- [DATA BELOW]:
____

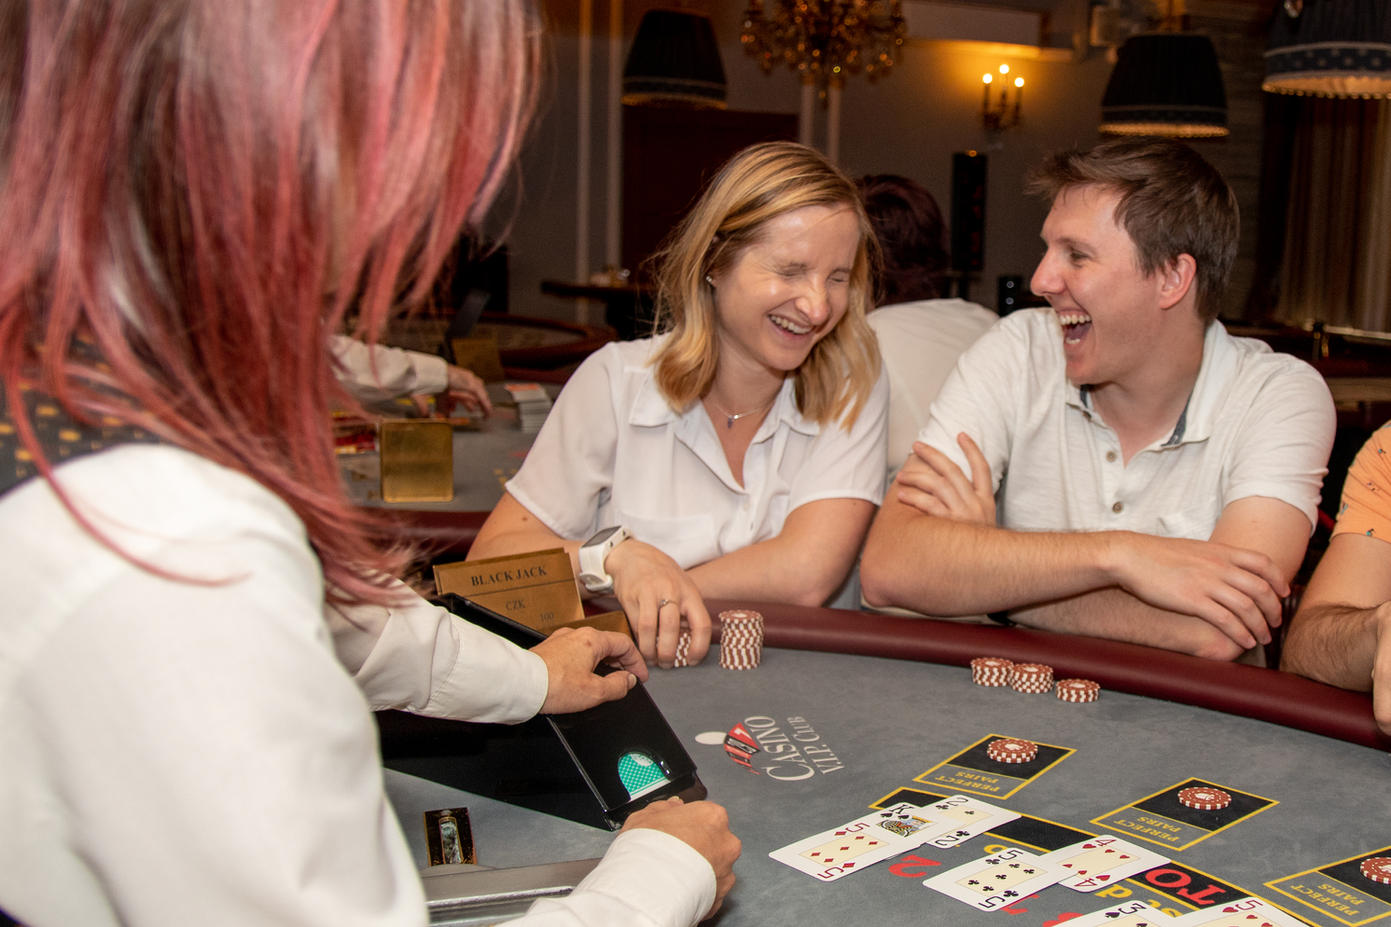 Ambassador Casino Happy Hour June 2020-2
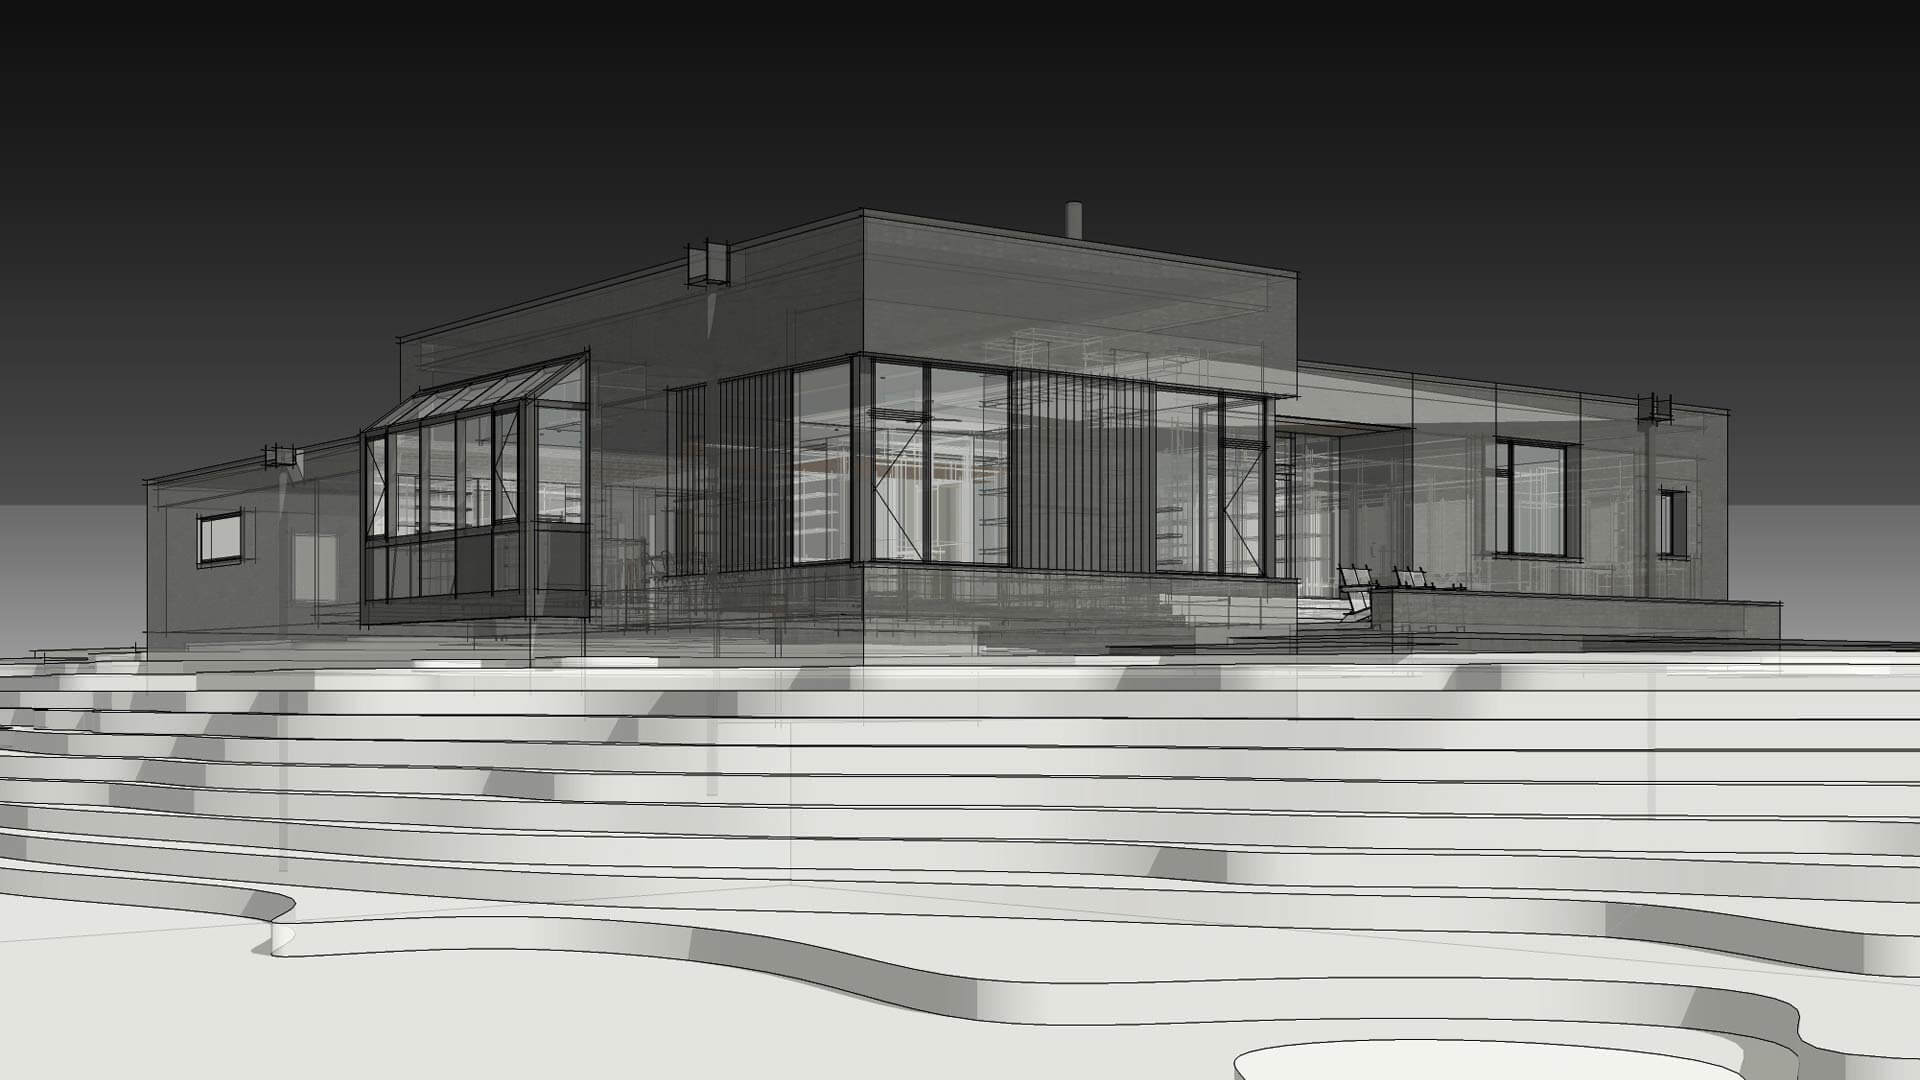 Northwest Exterior Elevation (Rendering) - Modern Brick House, Indianapolis, Windcombe Neighborhood
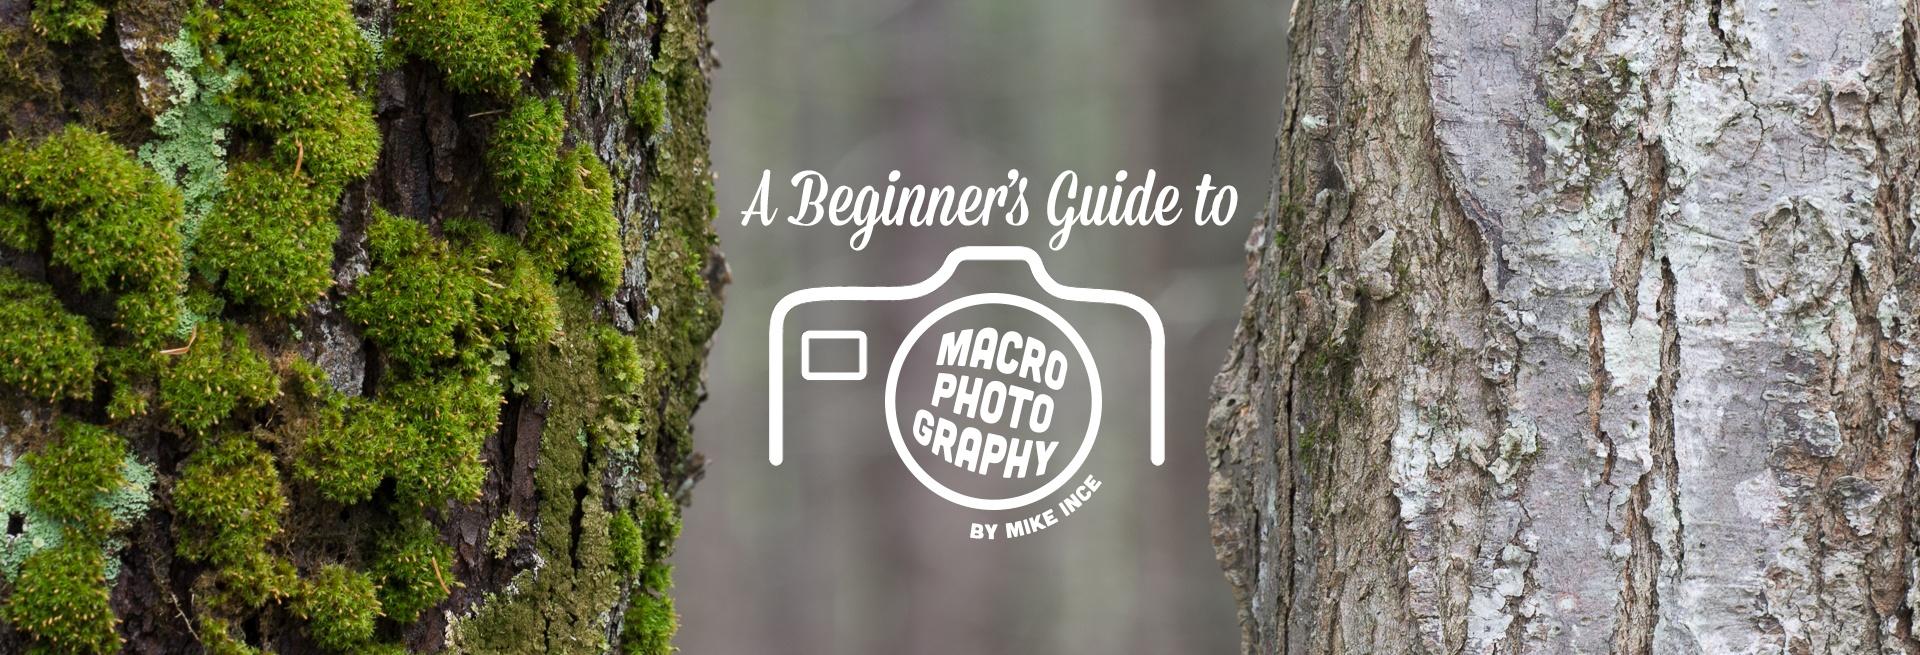 MacroBlog_Header_1.jpg
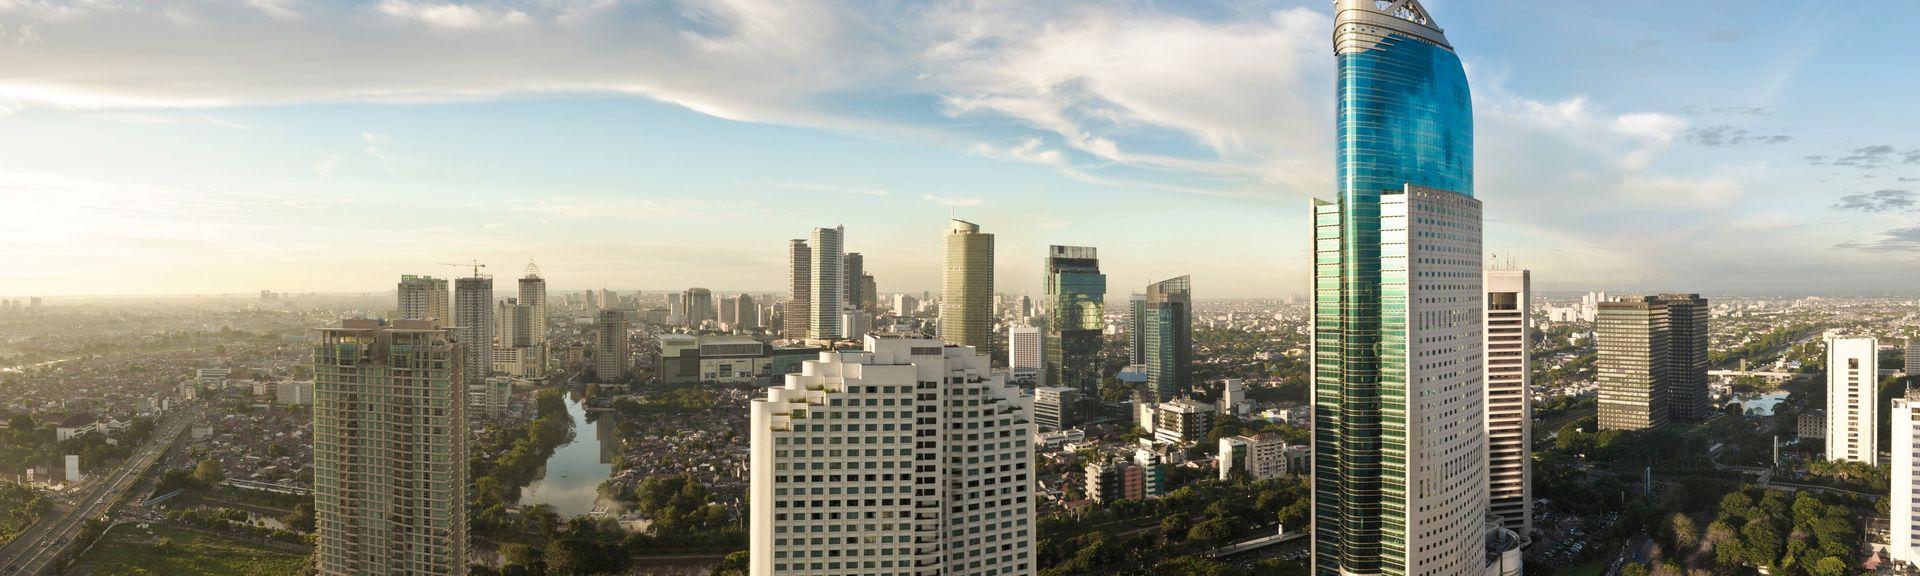 Jakarta, Jakarta, Indonesien

____

- [WORK TO COMPLETE]:
Except for the pictures, the whole listing above should be transcribed exactly.

- [SOLUTION TO THIS PROBLEM]:
 Ambassador Casino Happy Hour June 2020-2
 Northwest Exterior Elevation (Rendering) - Modern Brick House, Indianapolis, Windcombe Neighborhood
 MacroBlog_Header_1.jpg
 Jakarta, Jakarta, Indonesien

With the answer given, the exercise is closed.